Capitalization weighting, also known as market-value weighting or value weighting, is a method of calculating the value of a stock market index. In this method, the weight of each stock in the index is determined by its market capitalization, which is the total value of the company's outstanding shares of stock.
Market capitalization is calculated by multiplying the number of outstanding shares by the current market price of the stock. The weight of each stock in the index is then calculated by dividing the market capitalization of the stock by the total market capitalization of all the stocks in the index.
This means that larger companies with higher market capitalizations have a greater influence on the index than smaller companies. The idea behind this weighting method is that larger companies are generally considered to be more important and influential in the overall economy, and therefore should have a greater impact on the index.
In contrast, price weighting, also known as the equal-dollar weighting method, assigns equal weight to each stock in the index based on its price per share.

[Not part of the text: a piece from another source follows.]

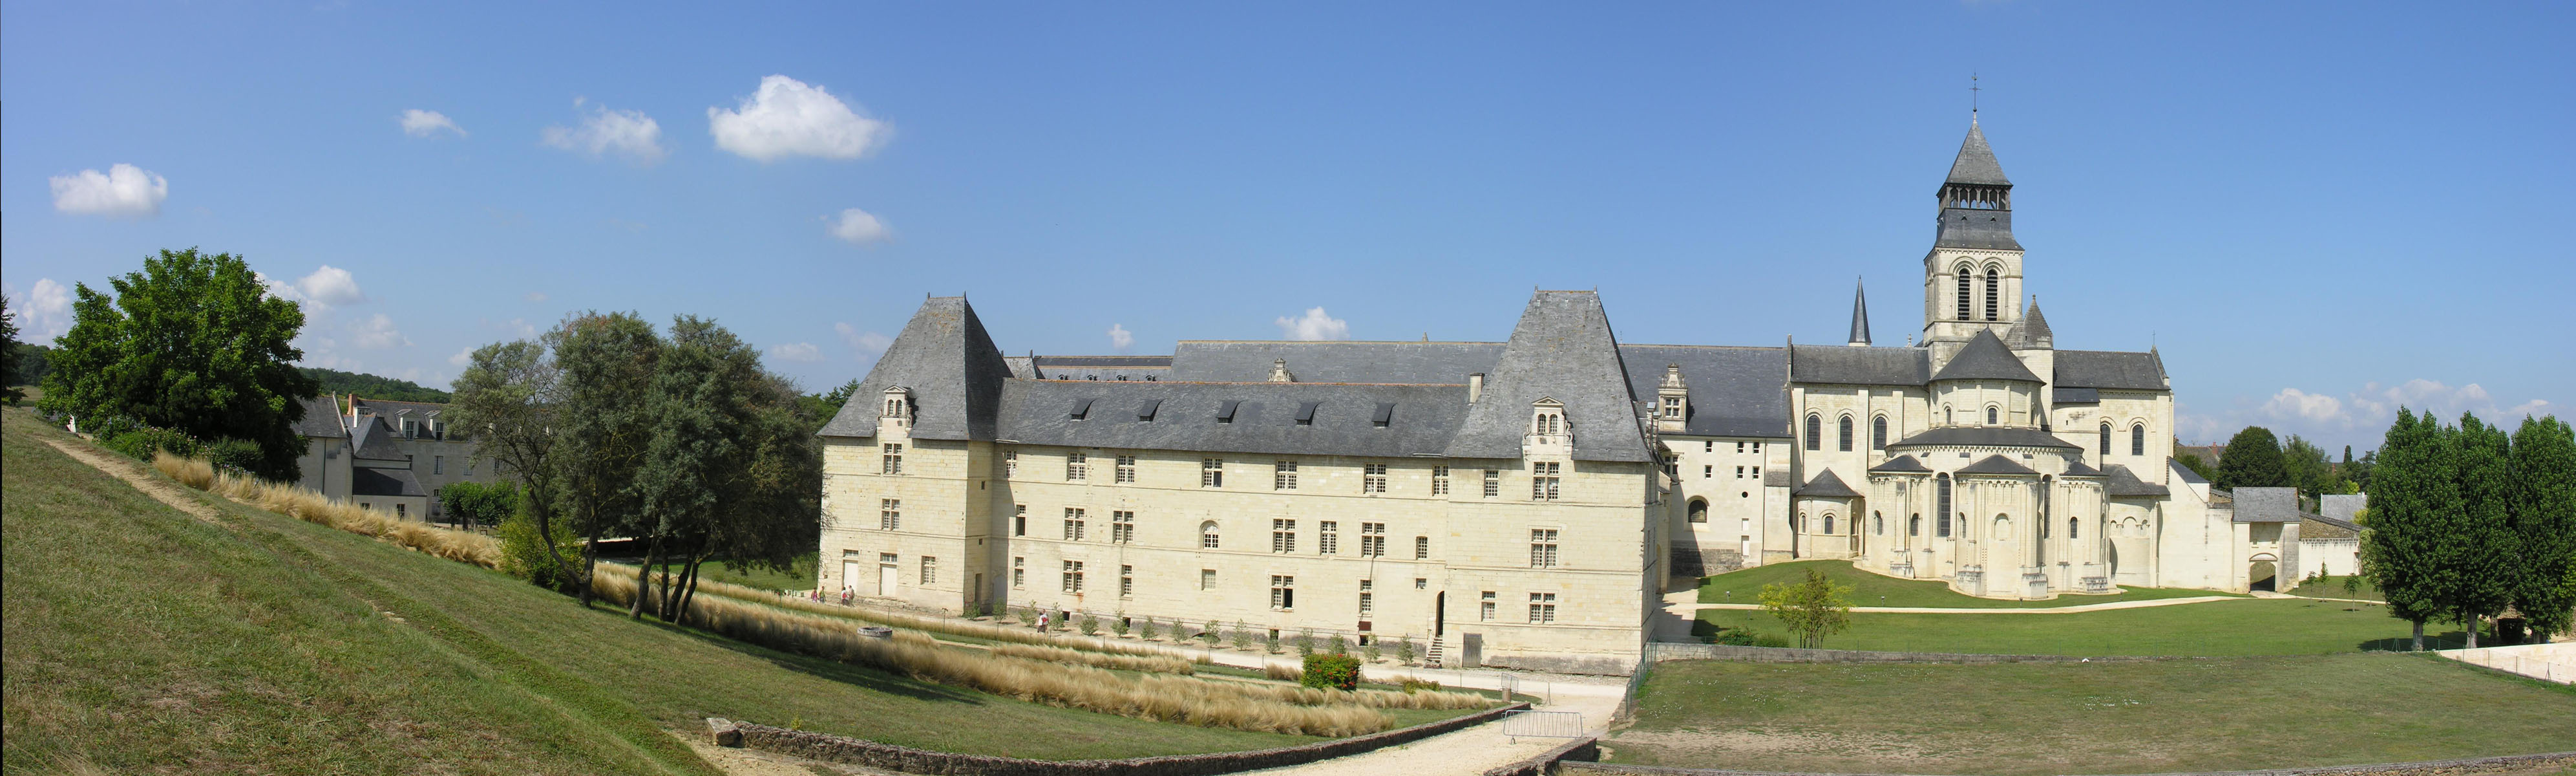 Abbey of Fontevraud - France.jpg

This means that higher-priced stocks have a greater impact on the index than lower-priced stocks, regardless of the company's size or market capitalization.
Equal weighting, as the name suggests, assigns equal weight to each stock in the index, regardless of its size, market capitalization, or price per share. This method is often used by index funds that aim to provide broad exposure to a particular market or sector.
Base weighting, on the other hand, is a less common method that involves selecting a base period for the index and assigning weights based on the values of the stocks during that period. This method is typically used for historical analysis or to compare the performance of the index over different time periods.
In summary, capitalization weighting, also known as value weighting, is a method of calculating the value of a stock market index based on the market capitalization of each stock in the index. This method assigns greater weight to larger companies, reflecting their greater impact on the overall economy.